The Peace Movement

The Peace Movement

The peace movement in this country is not monolithic. It is a diverse coalition of grassroots groups and people opposing war and imperialism. As I've written in previous posts, the large anti-war demos are a hodge-podge of various groups with different agendas, from free Palestine to hands of Cuba and free the Cuban five. We've got socialists and communists, anarchists and Quakers.

Now among these various groups are huge differences, but we've managed to stick together to oppose this war:

The ANSWER (Act Now to Stop War and End Racism) Coalition upholds the strategy of the united front. That is, we believe that the principal anti-war movements should seek to march together even if they have divergent strategies, slogans, and even goals.

This has been the ongoing strategy for people with ANSWER and a lot of other peace and justice coalitions. But as many people know, there has been a splintering of the movement between those who see the plight of the Palestinian struggle as part of the growing movement against imperialism and those who seek to accomodate Democrats who support Israel's brutal occupation of Palestinian land.

This splintering manifested over divergent views on Palestine, but its true matrix is the divergence between those of us who don't believe reform within the current institutions is possible and those of us who believe that change can be affected if we vote in the right people. I would belong to the former group. Many democrats and others on the Left belong to the latter group. The position of the former group was summed up succinctly by Brian Becker in his piece Raising Consciousness in the Anti-War Movement:

Our starting point is that war is not fundamentally a policy of hyper-aggressive politicians. Rather, it is the inevitable expression and manifestation of contemporary advanced capitalism, which has emerged as a global system. We identify this system as imperialism.

So if you think Bush is the real problem and not just a solution, you're going to disagree with us. If you believe our salvation rests in our ability to win seats for democrats in the House, you will disagree with us. But I think we must continue to stand our ground and raise the class consciousness of our fellow citizens. A large percentage of Americans don't vote in elections because they know it's a game between the rich in this country. We must then help draw the connection between the game of elections and why the working class in this country continue to lose ground. Our salvation will not be found in democrats or republicans. We hold the key to our own path to liberation and freedom.

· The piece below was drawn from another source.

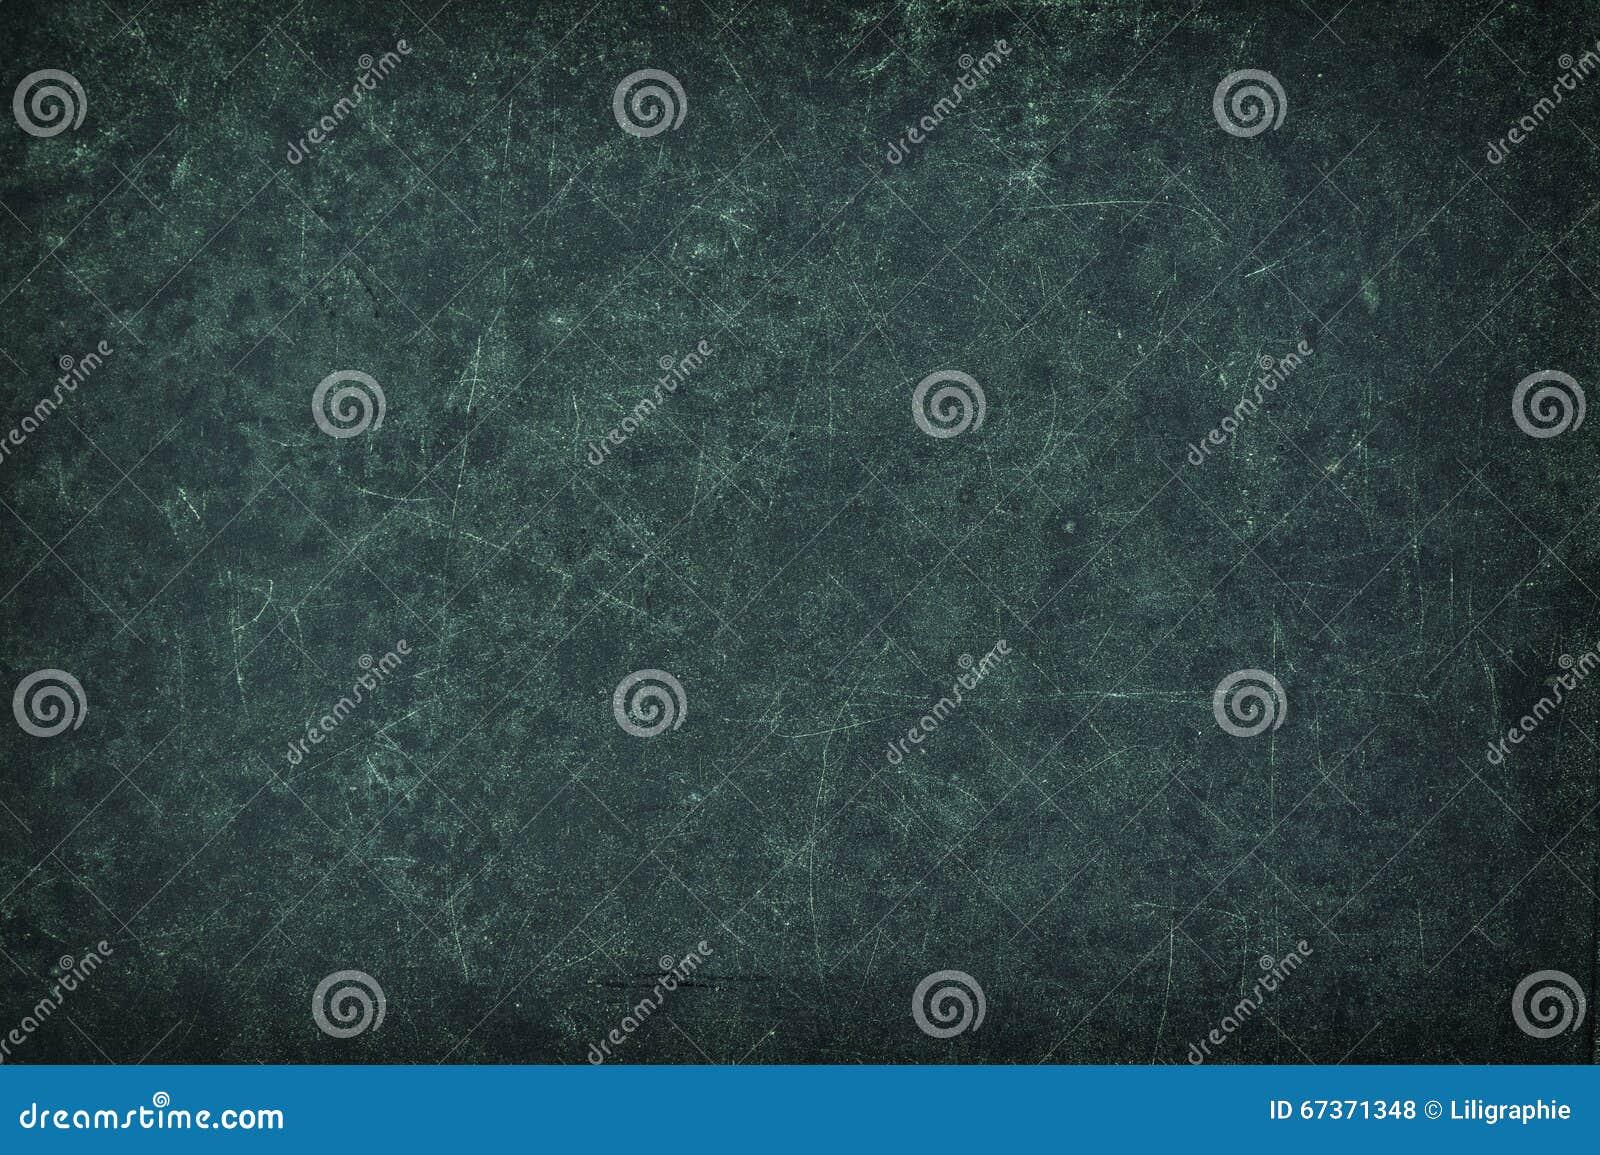 Chalkboard texture. Dark blue blackboard backgroud

The Democrats having fully embraced the Iraq war, are now seeing Bush's
weakness. They are trying to adjust U.S. imperial strategy in the Middle
East–what Congessman John Murtha calls a "strategic military redeployment in
the region." At the very same time, they are encouraging voters to leave the
Republicans for Democrats.

But the Democrats supported and enforced the economic sanctions that killed more than a million people in Iraq. They supported the war, and they support the idea of creating a pro-imperialist stooge regime in Iraq. They are been more belicose than Bush against Iran.–Brian Becker

There's no easy answer to these problems. I've talked to people at demos who clearly didn't understand the inclusion of pro-Palestinian groups or the connection between U.S./Israeli occupation of Palestinian land and U.S./Coalition of the British occupation of Iraq. It upsets many Jews and Christians who would otherwise be sympathetic to our cause. But I think when we are honest with ourselves, there's no moral reason to separate the two issues.

Nevertheless it remains my belief that a movement based on hypocrisy cannot succeed. Occupation is a crime. From Iraq to Palestine these occupations are sanctioned, enforced, and implemented by U.S. authorities.